Creating Your Own X509TrustManager
If the supplied X509TrustManager
behavior isn't
suitable for your situation, you can create your own X509TrustManager
by
either creating and registering your own TrustManagerFactory
or
by implementing the X509TrustManager
interface directly.
The following
MyX509TrustManager
class enhances the default
IBMJSSE2
X509
TrustManager
behavior by providing alternative authentication logic when the
default IBMJSSE2
X509
TrustManager
fails.
class MyX509TrustManager implements X509TrustManager {
/*
* The default X509TrustManager returned by IbmX509. We'll delegate
* decisions to it, and fall back to the logic in this class if the
* default X509TrustManager doesn't trust it.
*/
X509TrustManager pkixTrustManager;
MyX509TrustManager() throws Exception {
// create a default JSSE X509TrustManager.

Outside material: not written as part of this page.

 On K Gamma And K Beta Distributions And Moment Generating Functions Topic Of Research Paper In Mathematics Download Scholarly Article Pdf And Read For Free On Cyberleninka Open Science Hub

KeyStore ks = KeyStore.getInstance("JKS");
ks.load(new FileInputStream("trustedCerts"), "passphrase".toCharArray());
TrustManagerFactory tmf =
TrustManagerFactory.getInstance("IbmX509", "IBMJSSE2");
tmf.init(ks);
TrustManager tms [] = tmf.getTrustManagers();
/*
* Iterate over the returned trustmanagers, look
* for an instance of X509TrustManager. If found,
* use that as our default trust manager.
*/
for (int i = 0; i < tms.length; i++) {
if (tms[i] instanceof X509TrustManager) {
pkixTrustManager = (X509TrustManager) tms[i];
return;
}
}
/*
* Find some other way to initialize, or else we have to fail the
* constructor.
*/
throw new Exception("Couldn't initialize");
}
/*
* Delegate to the default trust manager.
*/
public void checkClientTrusted(X509Certificate[] chain, String authType)

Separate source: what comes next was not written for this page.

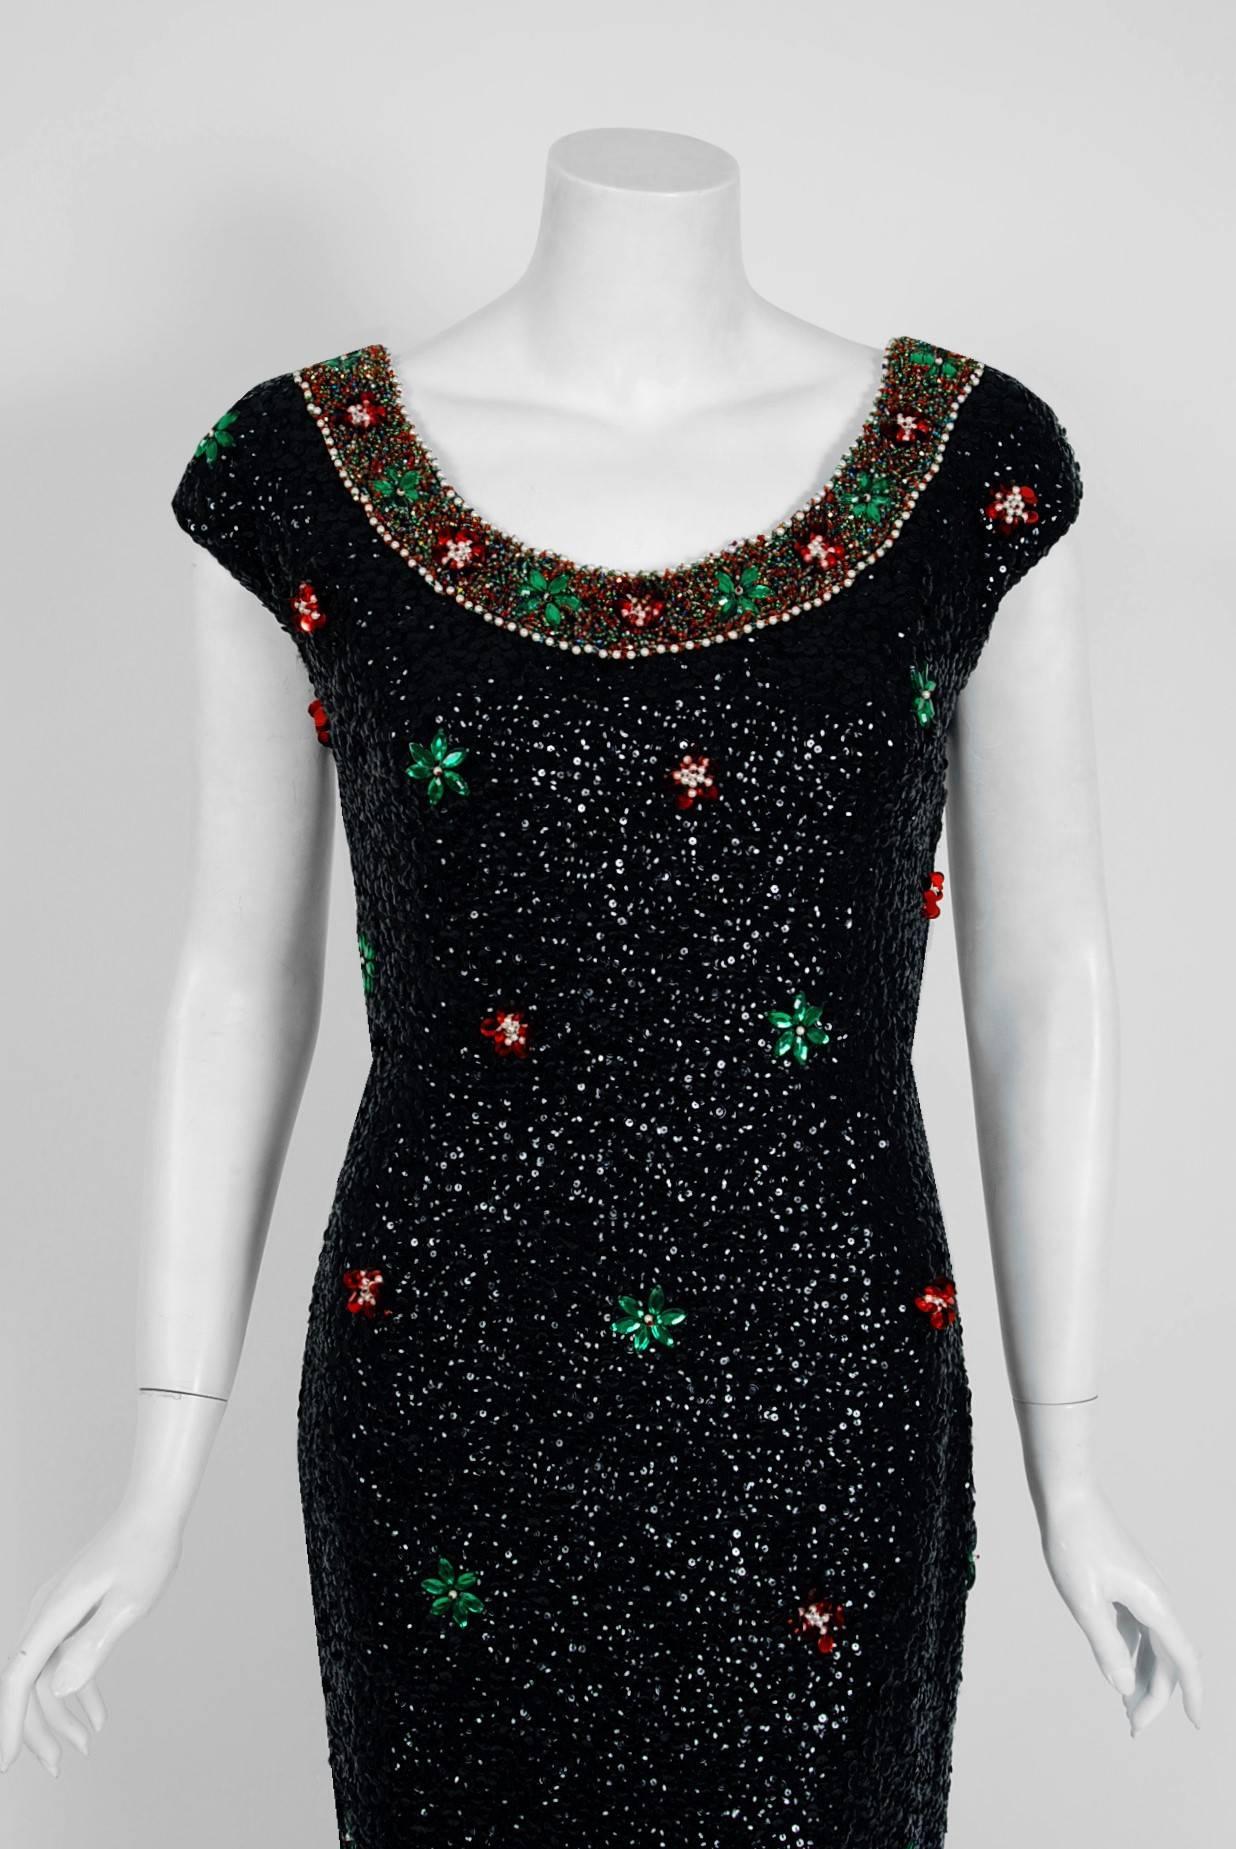 1950's Imperial designer glamour garments are in a class of their own! They are always fully-sequined by hand and fit to flatter the figure. This treasure has a fantastic red & green abstract-floral design worked in, featuring three-dimensional

throws CertificateException {
try {
pkixTrustManager.checkClientTrusted(chain, authType);
} catch (CertificateException excep) {
// do any special handling here, or rethrow exception.
}
}
/*
* Delegate to the default trust manager.
*/
public void checkServerTrusted(X509Certificate[] chain, String authType)
throws CertificateException {
try {
pkixTrustManager.checkServerTrusted(chain, authType);
} catch (CertificateException excep) {
/*
* Possibly pop up a dialog box asking whether to trust the
* cert chain.
*/
}
}
/*
* Merely pass this through.
*/
public X509Certificate[] getAcceptedIssuers() {
return pkixTrustManager.getAcceptedIssuers();
}
}
Once you have created such a trust manager, assign it to an
SSLContext
via the
init
method. Future SocketFactories
created from this
SSLContext
will use your new TrustManager
when making trust
decisions.
TrustManager[] myTMs = new TrustManager [] {
new MyX509TrustManager()
};
SSLContext ctx = SSLContext.getInstance("TLS");
ctx.init(null, myTMs, null);
Accepting Anonymous Cipher Suites
You can enhance MyX509Trustmanager
to
accept anonymous cipher suites. Enhance checkServerTrusted
to
verify that it is appropriate to accept this anonymous cipher and
return. Your new TrustManager will now accept anonymous cipher suites.